La zone, point de friction entre les Finno-ougriens, les Baltes et les Slaves, était une partie de la Livonie depuis les années 1270. Elle subit les diverses occupations de la dite-Livonie par les Polono-lituaniens (1561 – 1629), les Suédois (1629 – 1721) et les Russes (1721 – 1917). Lors de l’indépendance, l’accord frontalier entre la Lettonie et la Russie soviétique ne fut finalisé que le 7 Avril 1923. La frontière ainsi tracée laissait des communautés lettones côté russe et des communautés russes et biélorusses côté letton. Les habitants côté letton reçurent tous la citoyenneté lettone, quelle que fut leur ethnicité.

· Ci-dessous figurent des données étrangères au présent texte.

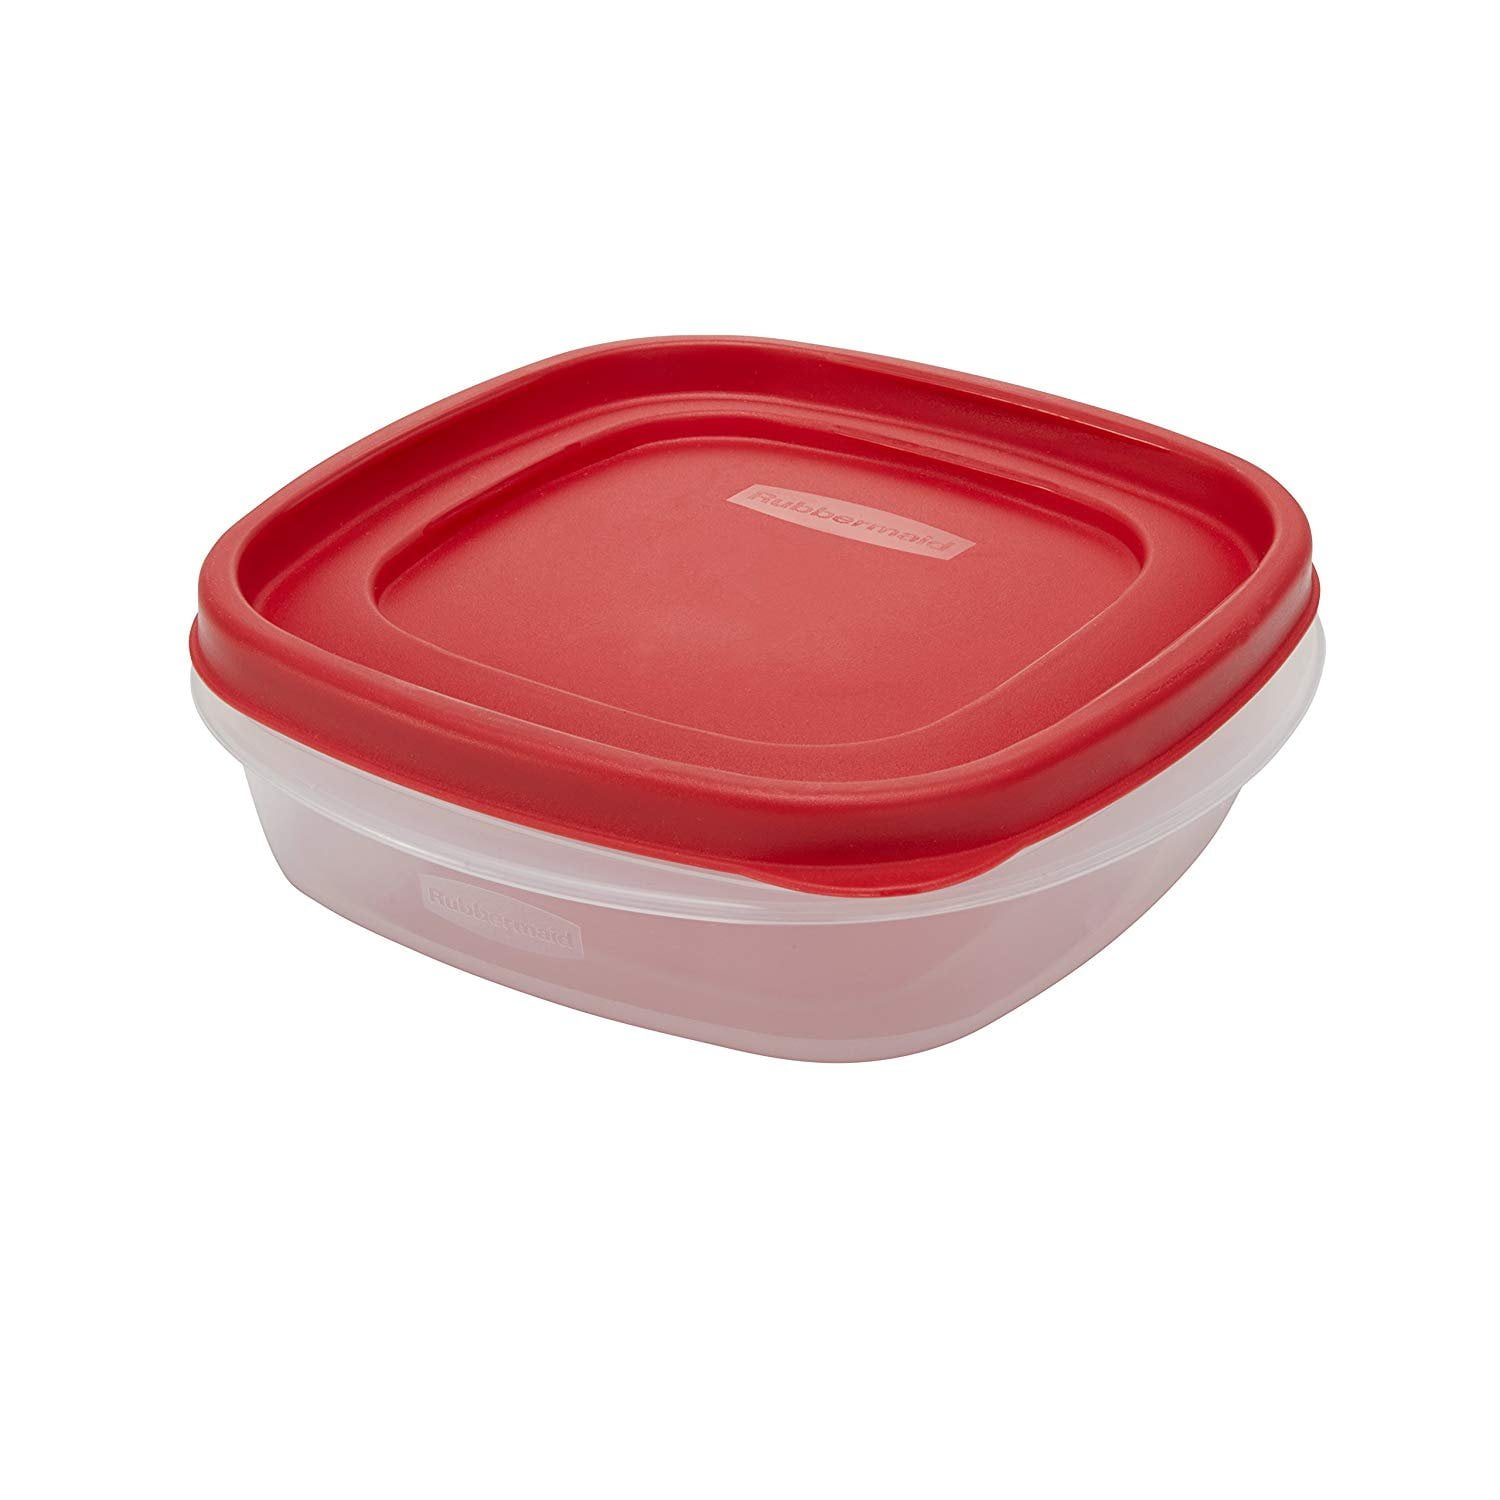 Rubbermaid® Easy-Find Lids Food Storage Container with Dividers - Racer  Red, 1 Count - Harris Teeter

Avec la deuxième occupation soviétique, les « députés » du soviet suprême de la RSS de Lettonie entérinèrent, dès le 6 Octobre 1944 à Daugavpils, une proposition « suggérée » par Moscou de rattacher la ville d’Abrene et les six communes voisines, formellement lettones depuis 1923, a la RSFS de Russie. Cela représentait 1 293 km2 de territoire et 52 000 habitants (avant la guerre).
Or, après la restauration de son indépendance, la question d’Abrene est devenue un problème constitutionnel pour la Lettonie. En effet, l’article 3 de la Constitution de 1922, renouvelée en 1990, stipule « Le territoire de la Lettonie, défini dans ses frontières par des traités internationaux, comprends les provinces de Vidzeme, de Latgale, de Kurzeme et de Zemgale ». Selon le Traité de Paix de Riga, conclu le 11 Août 1920 avec l’Union soviétique, Abrene est bien incluse dans le territoire de la Lettonie.
Les experts juridiques considèrent ainsi que l’annexion de facto du territoire d’Abrene ne doit pas entrer en contradiction avec la Constitution, donc avec le principe de continuité de la République de Lettonie (qui a bien continué à exister de jure pendant la période d’occupation). Une déclaration unilatérale, comme souvent dans les négociations internationales, a donc été jointe au Traité sur les frontières proposé au gouvernement russe en 2005. Cette déclaration précisait : « La Lettonie ne subordonne pas cet accord au problème plus vaste de la liquidation des conséquences de l’occupation illégale de la Lettonie ».
Le problème est que la Russie d’aujourd’hui ne reconnaît ni la continuité de la République de Lettonie, ni même son occupation ! Car reconnaître l’occupation serait ouvrir la porte à des demandes de compensations matérielles pour les dommages subis. La Russie a donc refusé de signer le traité en 2005, le Président Poutine clamant, malgré les dénégations du Ministère letton des Affaires Etrangères, que la Lettonie voulait reprendre le contrôle de la région et qu’une telle revendication était contraire à l’esprit de l’Europe !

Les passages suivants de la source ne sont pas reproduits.